Tulusnya Hati Orang Kecil

Oleh Helfizon Assyafei
Lelaki sederhana separo baya itu penjual tapai dan pepaya. Dengan motor butut dan keranjang dibelakangnya ia parkir dan berdiri menjaga dagangannya sejak pagi hingga siang hari di pinggir jalan tak jauh dari lingkungan tempat saya tinggal. Kalau panas terik ia numpang berteduh di kedai yang tak tak jauh dari tempat motor jualan diparkirkannya. Sesekali saya singgah dan ngobrol. Baru tahu juga ia tinggal di Rumbai dan jualan di Panam. “Kok jauh sekali? Kenapa nggak di Rumbai saja jualannya,” ujar saya suatu kali. “Di sini pula rezeki saya agak lancar bang,” ujarnya.

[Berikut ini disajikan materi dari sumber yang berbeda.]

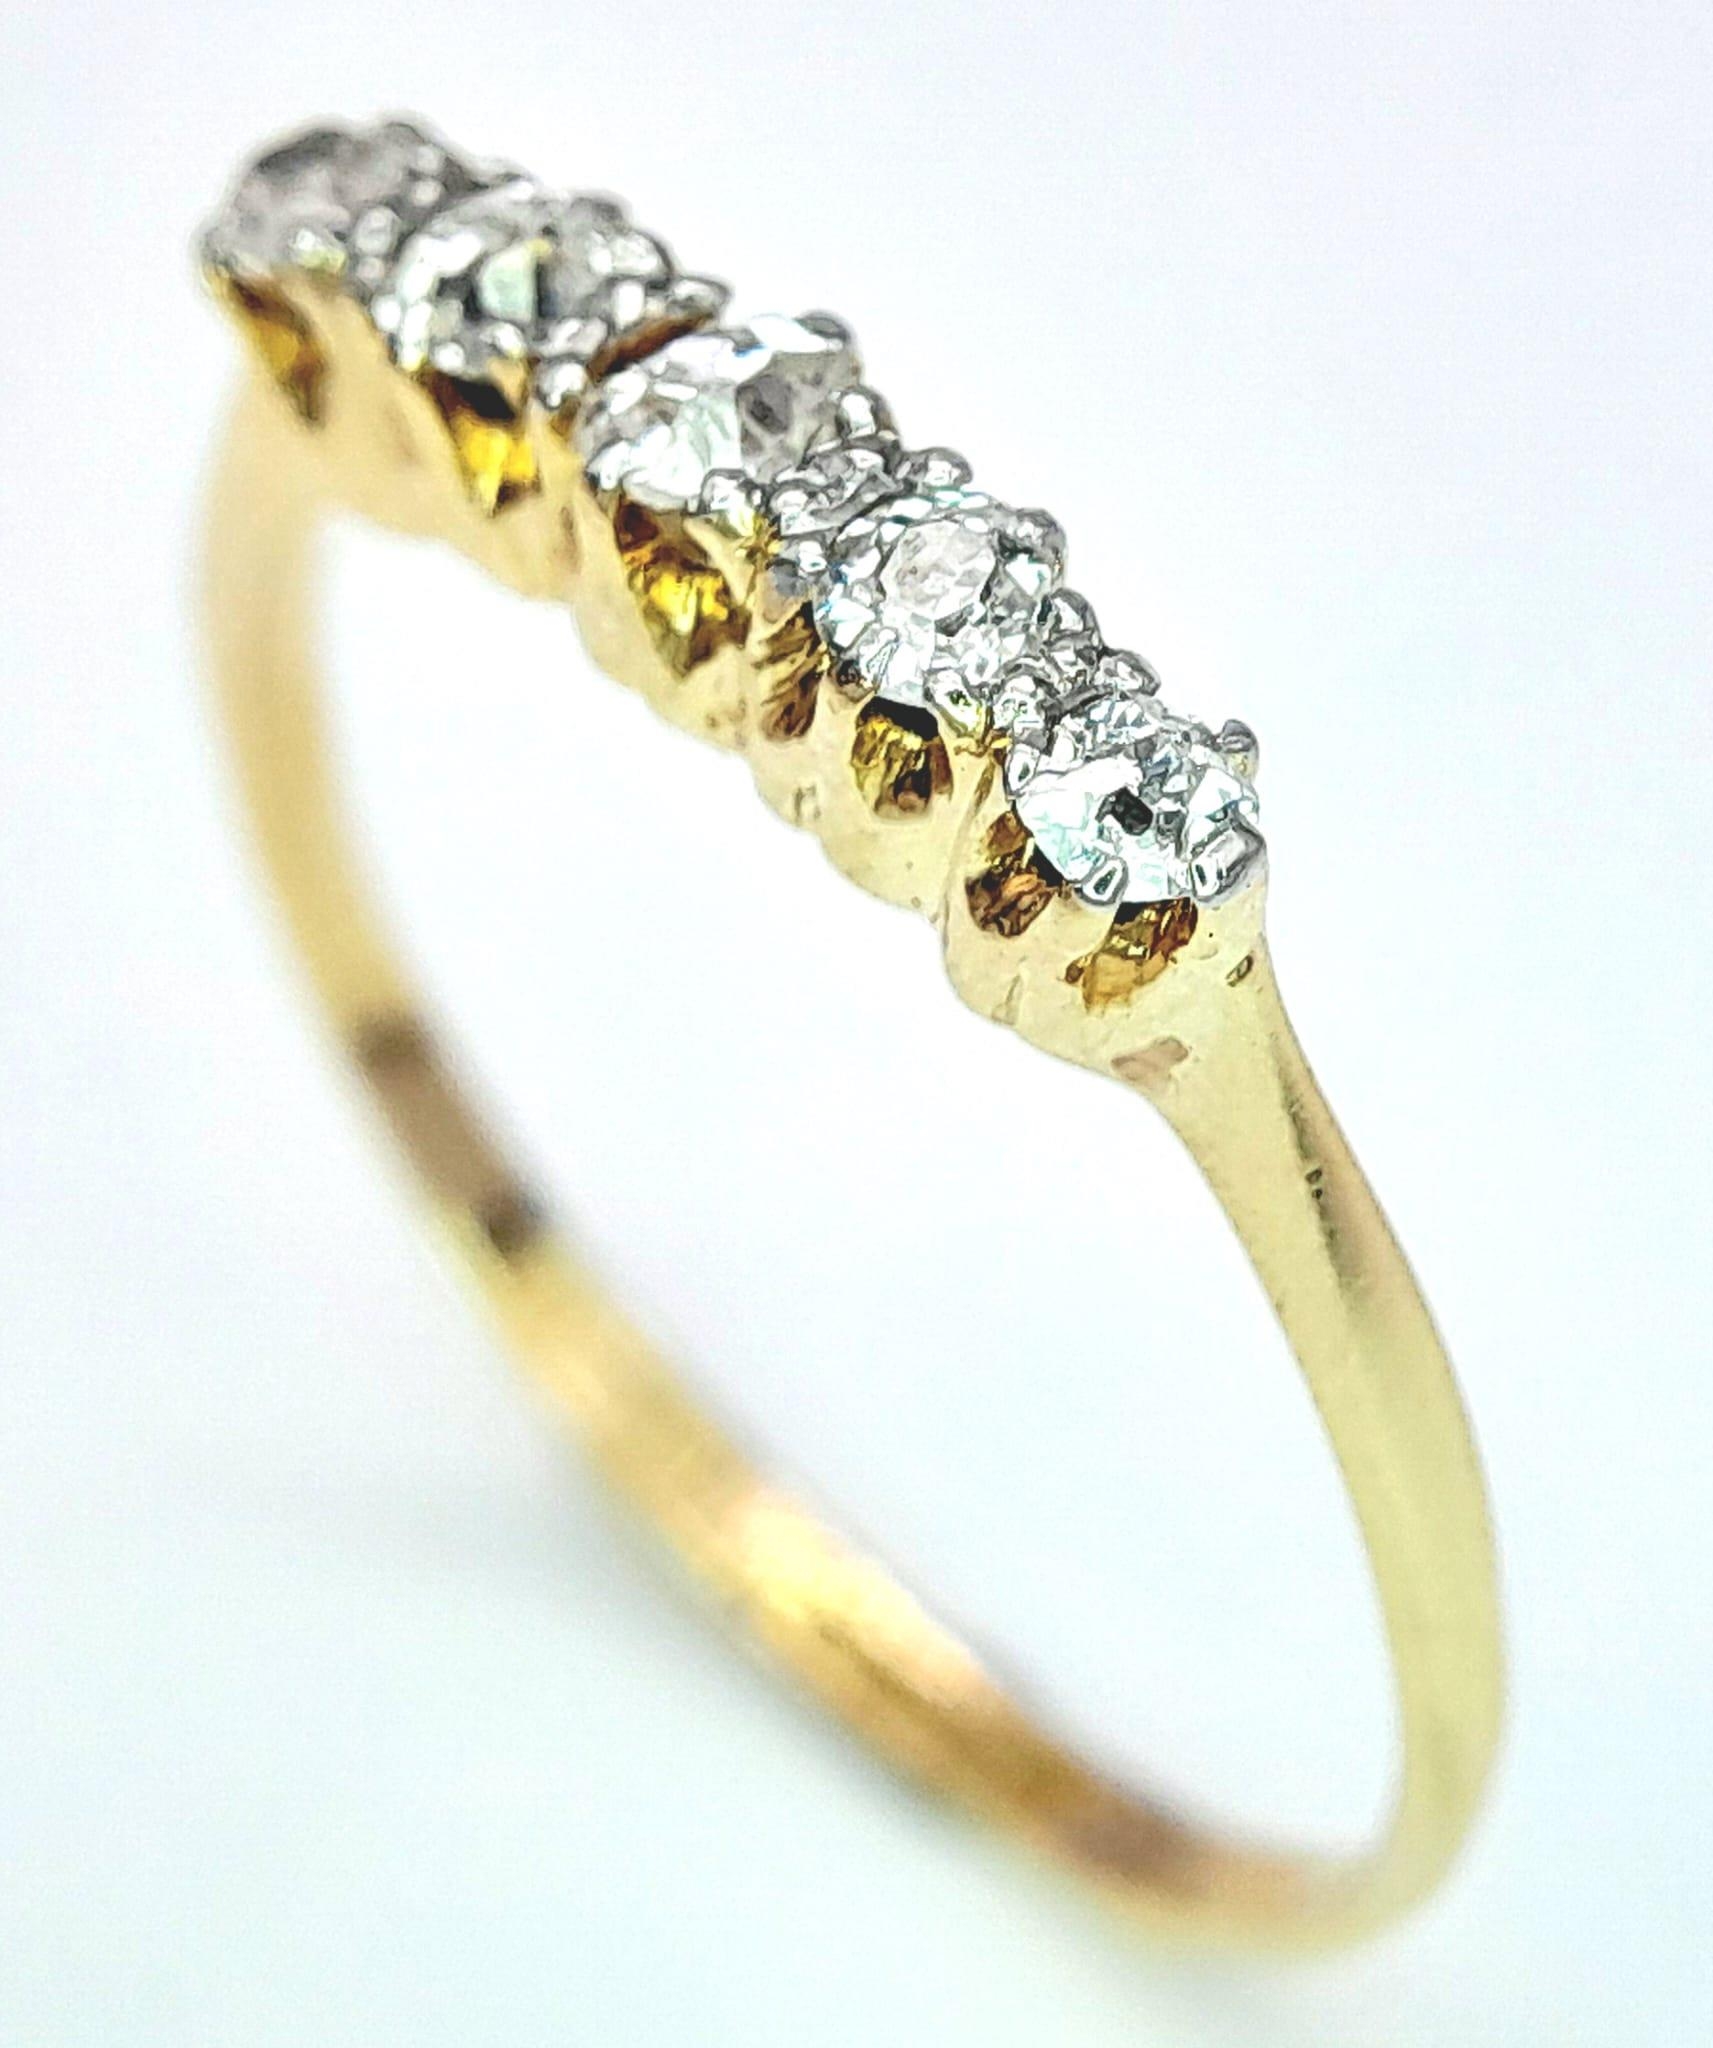 An 18K Yellow Gold and Platinum Vintage Old Cut Diamond 5 Stone Ring. 0.20ctw, Size M, 1.5g total - Image 4 of 11

Benar juga. Dulu kalau saya beli pepayanya jam 11 masih ada. Sekarang dibawah jam 11 sudah ludes alias laku keras. Tinggal lagi tapai yang dibungkus-bungkusnya dengan plastik yang dijual dengan harga Rp5.000/bungkus. Buah yang dijualnya tidak semua dari dari kebunnya. Ia beli dari kebun orang lain lalu dijual lagi. Per kg nya tergolong murah ia jual sekitar Rp3 ribu hingga Rp4.000. Jadi dengan uang Rp7 ribu saja saya bisa dapat papaya yang besar dan manis.
Menjelang siang dagangannya sering ramai pembeli. Namun begitu azan Zuhur berkumandang ia tutup lapak. Dan bergegas ke masjid terdekat. Sesekali kami bertegur sapa saat berjumpa di masjid di lingkungan kami. Pernah ngobrol lama saat kami sama-sama terkurung hujan setelah sholat Zuhur. Dari situ saya tahu anaknya yang paling besar sudah tamat sekolah dan bekerja di Batam. Adiknya masih sekolah di SMA. Awalnya ia hanya mengambil upah penjaga kebun orang.
Dengan upahnya yang sedikit itulah ia memulai dagang kecilnya itu. Mulanya dengan sepeda dan sekarang sudah dengan honda, eh sepeda motor maksudnya. Menurutnya ia tahu ia tidak akan kaya juga walaupun meninggalkan sholat demi jualan. Jadi ia tetap jaga sholatnya tetap waktu berjamaah di masjid. Yang ia rasakan adalah berkah. “Kalau dipikir pakai akal ya bang, rasanya tak mungkin saya bisa menyekolahkan anak karena untuk biaya makan saja kami kekurangan,” kenangnya. Namun berkah rezekinya yang tak seberapa secara nominal itulah ia melihat keajaiban tersebut.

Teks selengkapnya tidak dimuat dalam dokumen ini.